Current common single‐cell transcriptome sequencing protocols.

Platforms Isolation strategies Cell scale UMI Amplification methods Region
Smart‐seq2 FACS Small NO PCR Full‐length
MATQ‐seq FACS Small YES PCR Full‐length
Drop‐seq Microdroplets Large YES PCR 3′ end
inDrop Microdroplets Large YES IVT 3′ end
STRT‐seq FACS Small YES PCR 5′ end
10x Genomics Microdroplets Large YES PCR 3′ end
CEL‐seq2 FACS Small YES IVT 3′ end
Seq‐well Micro‐fluidic Large YES PCR 3′ end
Fluidigm C1 Micro‐fluidic Small NO PCR Full‐length
Quartz‐Seq2 FACS Small YES PCR 3′ end

Depending on the method of quantification, single‐cell sequencing technologies can be broadly divided into two categories. The first category is full‐length methods (e.g., Smart‐seq2 [14]), which provide reads of the entire gene length and improves overall sensitivity. Nevertheless, the count of shorter genes is often lost in full‐length library preparations due to their bias towards longer genes. The second category is tag‐based approaches that typically incorporate unique molecular identifiers (UMIs) to identify and quantify individual transcripts by capturing and sequencing only 3' end transcripts (e.g. inDrop [17] and Drop‐seq [16]) or 5′ end transcripts (e.g., STRT‐seq [18]). The sources of sequence information obtained by sequencing these protocols are different. The 3 'end protocol obtains a segment of sequence information after the amplification of the cDNA transcription start site, while the 5′ end protocol obtains a segment of sequence information after the amplification of the 5 'end of the cDNA. The role of UMI is to do absolute quantification and correct sequencing errors because the amplification efficiency of each mRNA is different. Even if the initial mRNA expression amount of two mRNA is consistent, after multiple rounds of amplification, it may be mistaken for their differential expression. Through the initial marker of UMI, the original gene expression can be known by counting the type of UMI after amplification. Moreover, UMI can eliminate the identified sequencing errors and report the unique read before alignment. In brief, full‐length methods covering more reads, tag‐based methods dominate quantification, especially in experiments with high cell counts.

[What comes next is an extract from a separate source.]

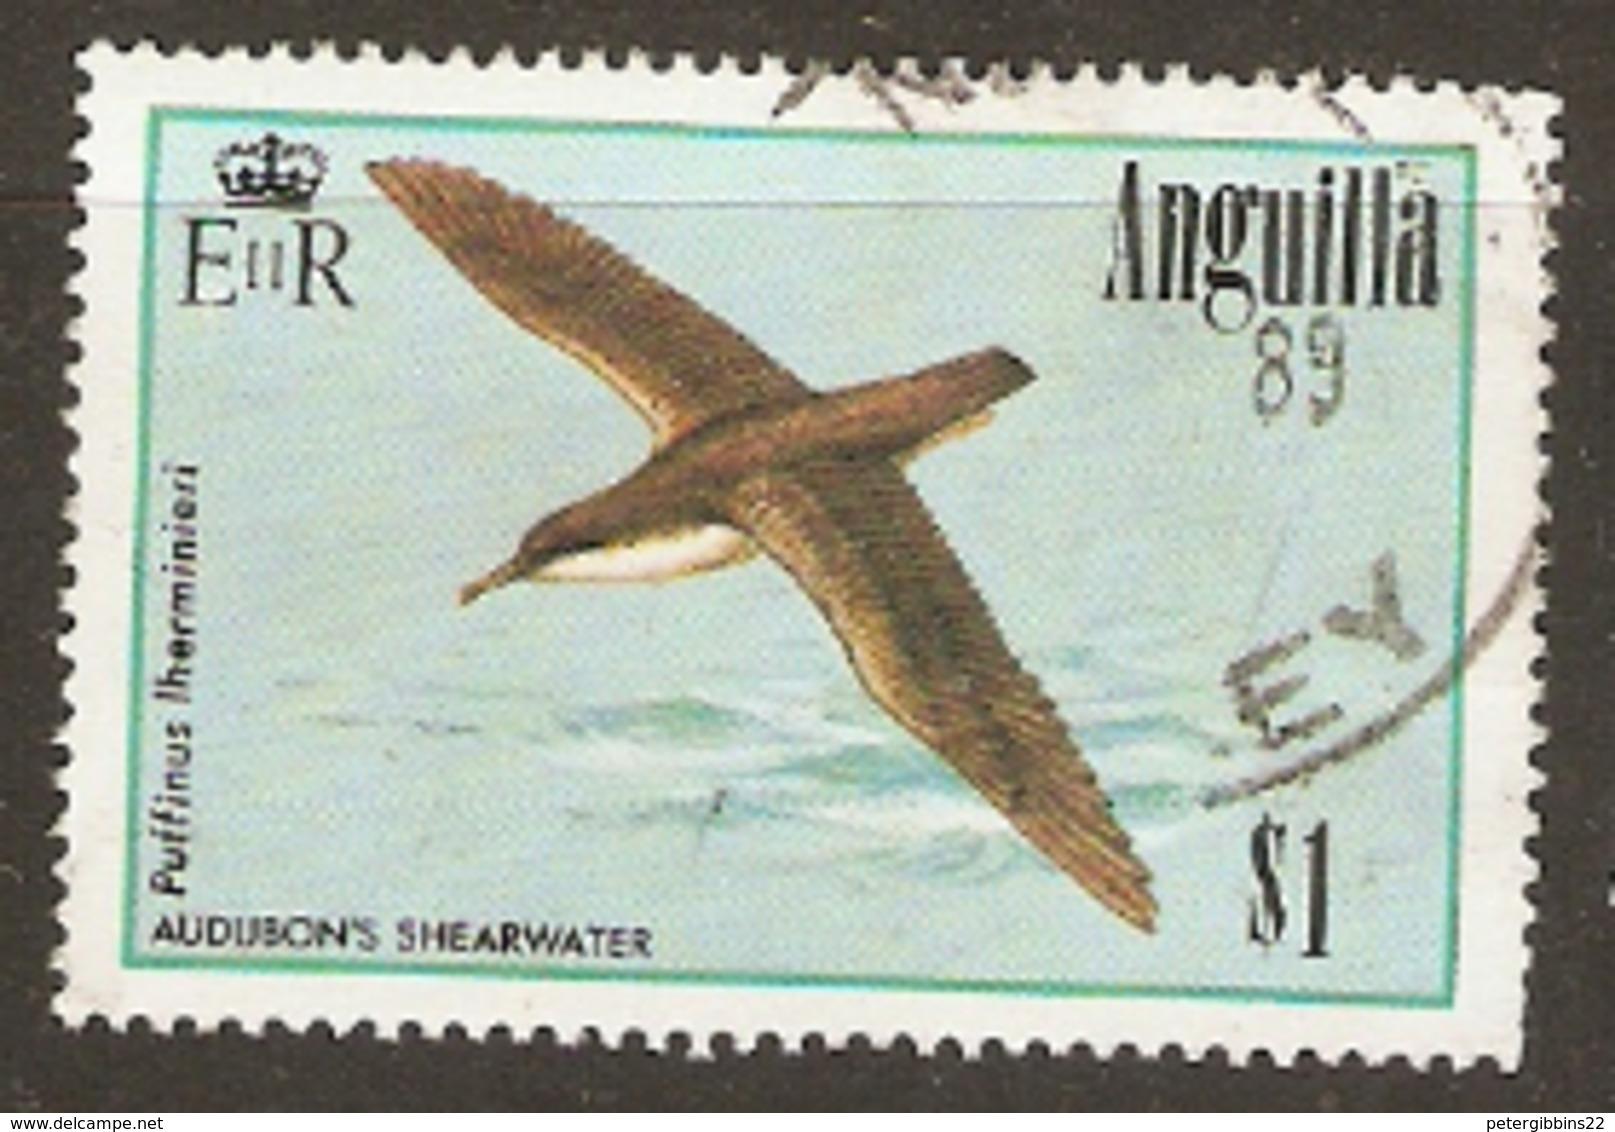 Anguilla  1985  SG 671  Audubon Sheerwater   Fine Used - Anguilla (1968-...)

Depending on how the cells are captured, single‐cell sequencing techniques can also be divided into plate‐based and droplet‐based approaches. Droplet‐based technologies (e.g., inDrop [17], Drop‐seq [16], and 10X Genomics [19]) have become the most popular methods for isolating single‐cell RNA. The droplet‐based Chromium protocol from 10X Genomics can capture thousands of cells per run [24]. Whereas Drop‐Seq is usually more affordable and corresponds to fewer transcript counts per cell with only a slight loss of sensitivity. And inDrop‐seq allows customisation of parameters, so this protocol may be ideal for detecting low levels of expressed genes. Droplet‐based approaches offer high throughput, but at the cost of low sequencing depth (which means that fewer transcripts are captured per cell) [25]. As a result, droplet‐based methods are more susceptible to technical noise compared to plate‐based methods, which are preferred when dealing with rare cell types.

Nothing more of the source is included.